— Problem —
Everything from the line containing "Buttermilk Autumn - 2278-66 * 1/2 yard" through the line containing "25 Copper Oil" should be repeated exactly, and nothing else from the data.

— Input data —

◇ ◇ ◇ ◇

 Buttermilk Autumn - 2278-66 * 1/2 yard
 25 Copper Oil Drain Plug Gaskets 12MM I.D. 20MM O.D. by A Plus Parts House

◇ ◇ ◇ ◇

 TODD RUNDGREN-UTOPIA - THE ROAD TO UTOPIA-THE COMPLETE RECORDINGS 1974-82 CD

◇ ◇ ◇ ◇

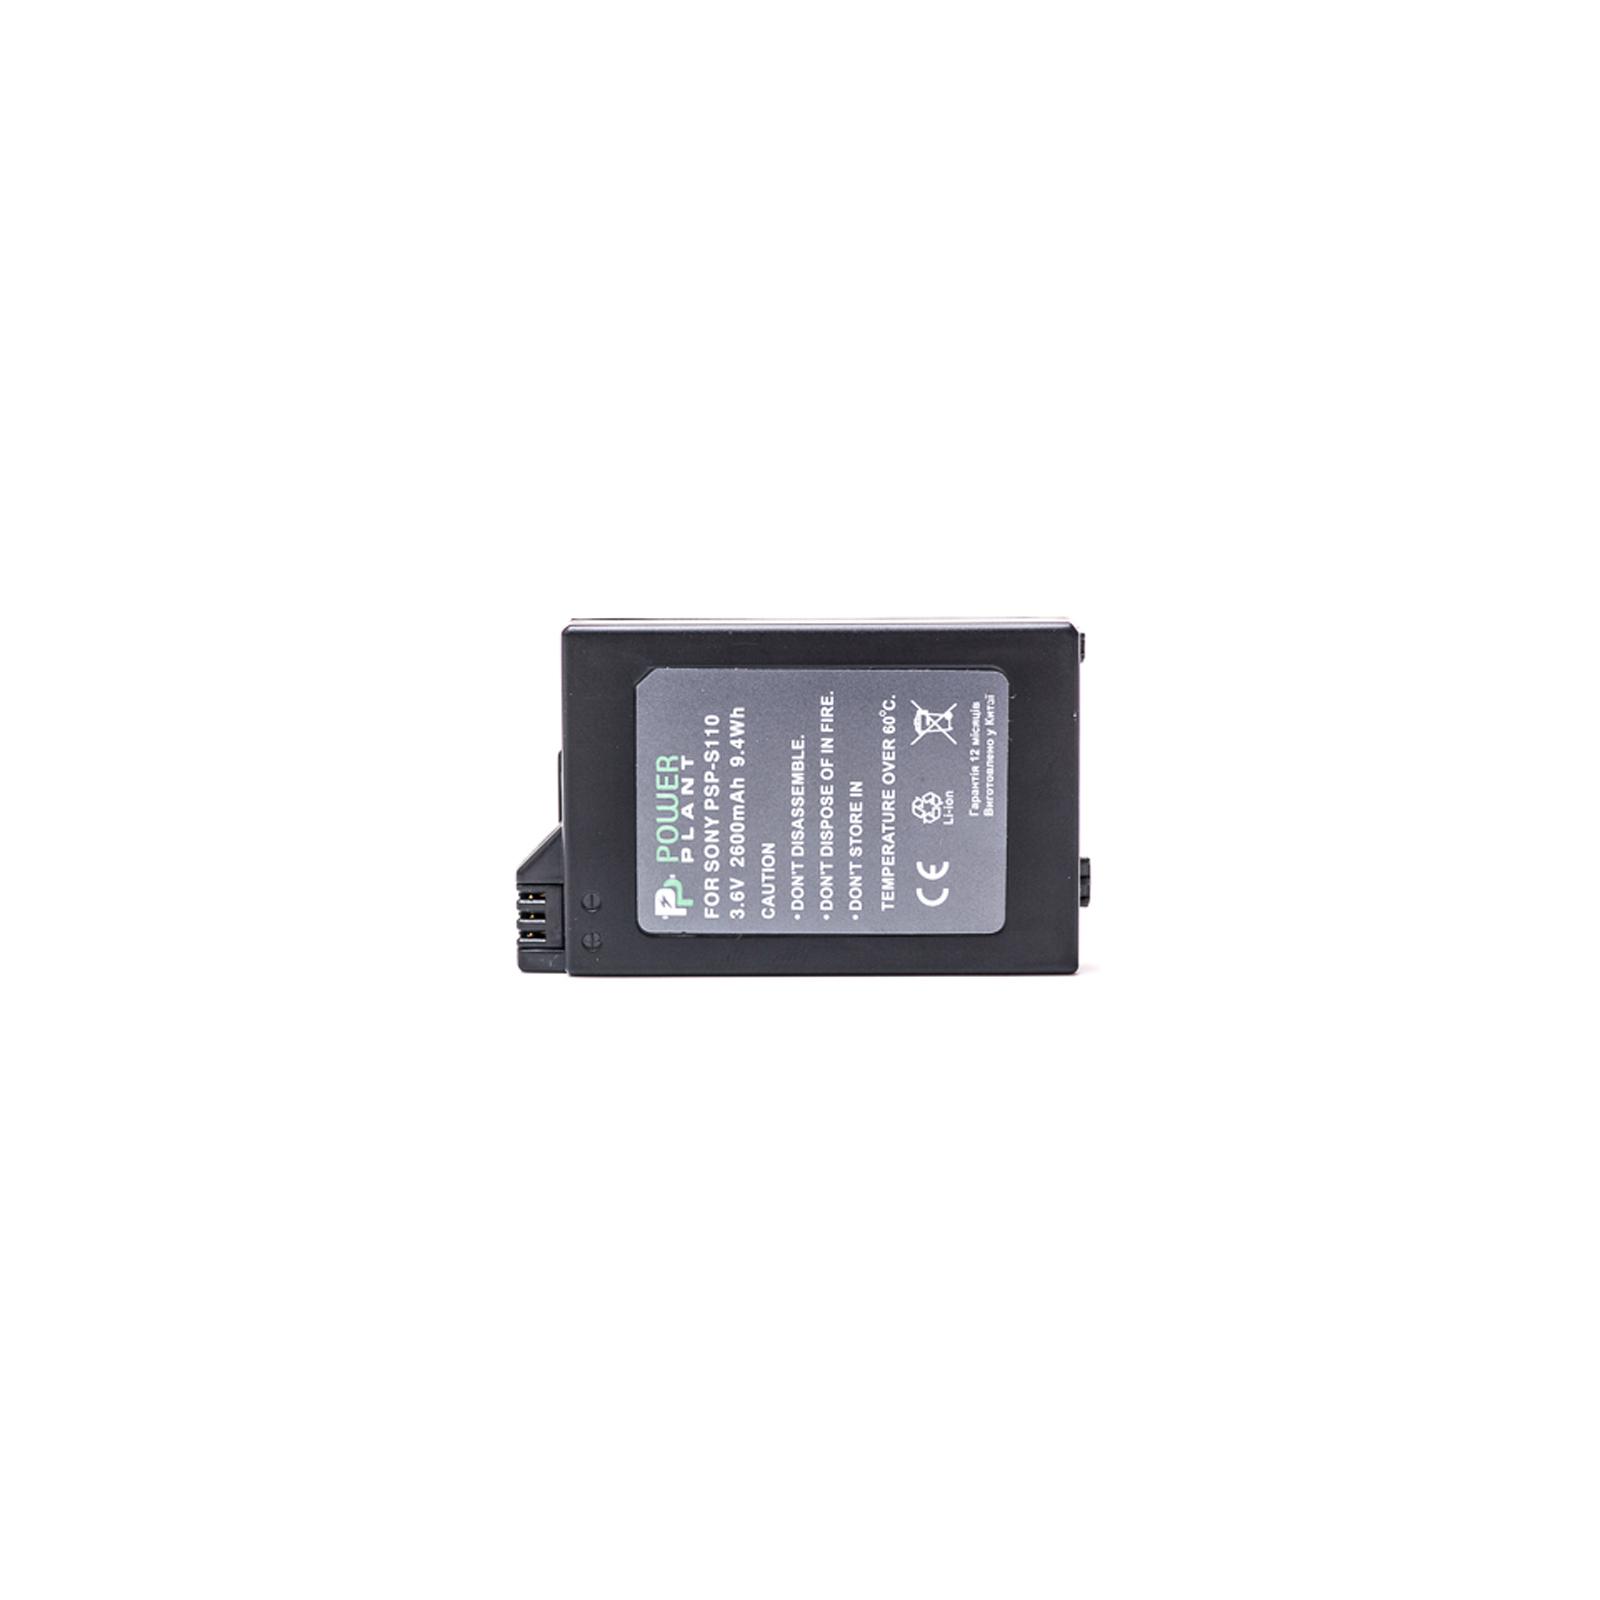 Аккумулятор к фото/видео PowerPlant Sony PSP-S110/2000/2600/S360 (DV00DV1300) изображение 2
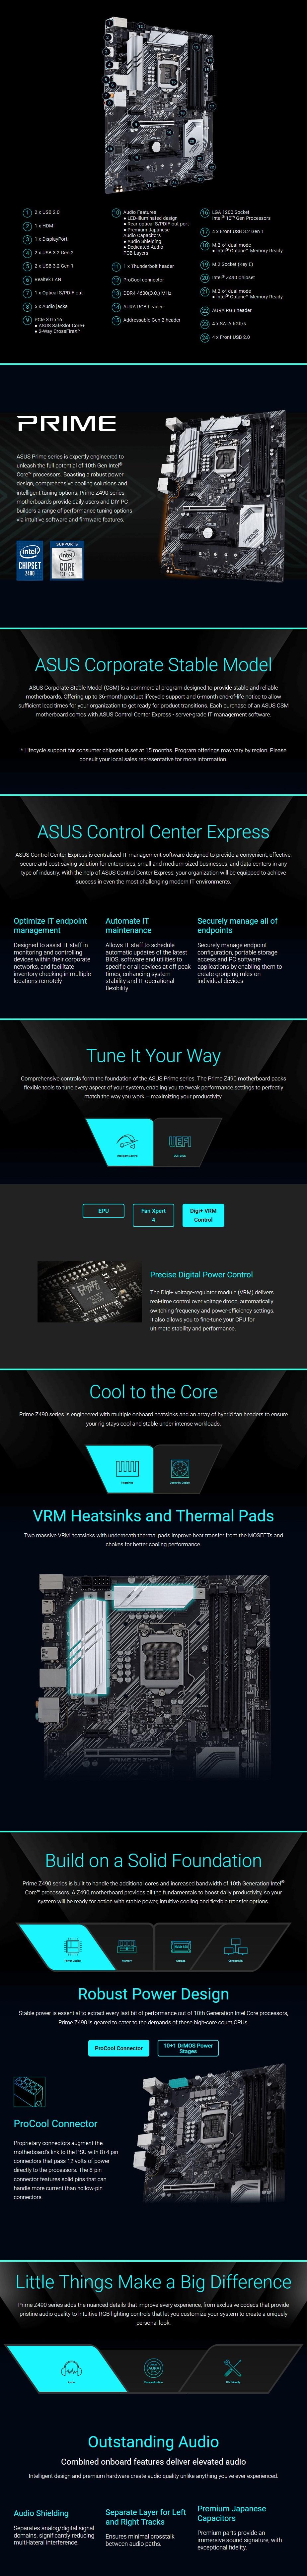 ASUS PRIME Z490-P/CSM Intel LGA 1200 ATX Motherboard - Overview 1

◇ ◇ ◇ ◇

— Exercise result —
 Buttermilk Autumn - 2278-66 * 1/2 yard
 25 Copper Oil Drain Plug Gaskets 12MM I.D. 20MM O.D. by A Plus Parts House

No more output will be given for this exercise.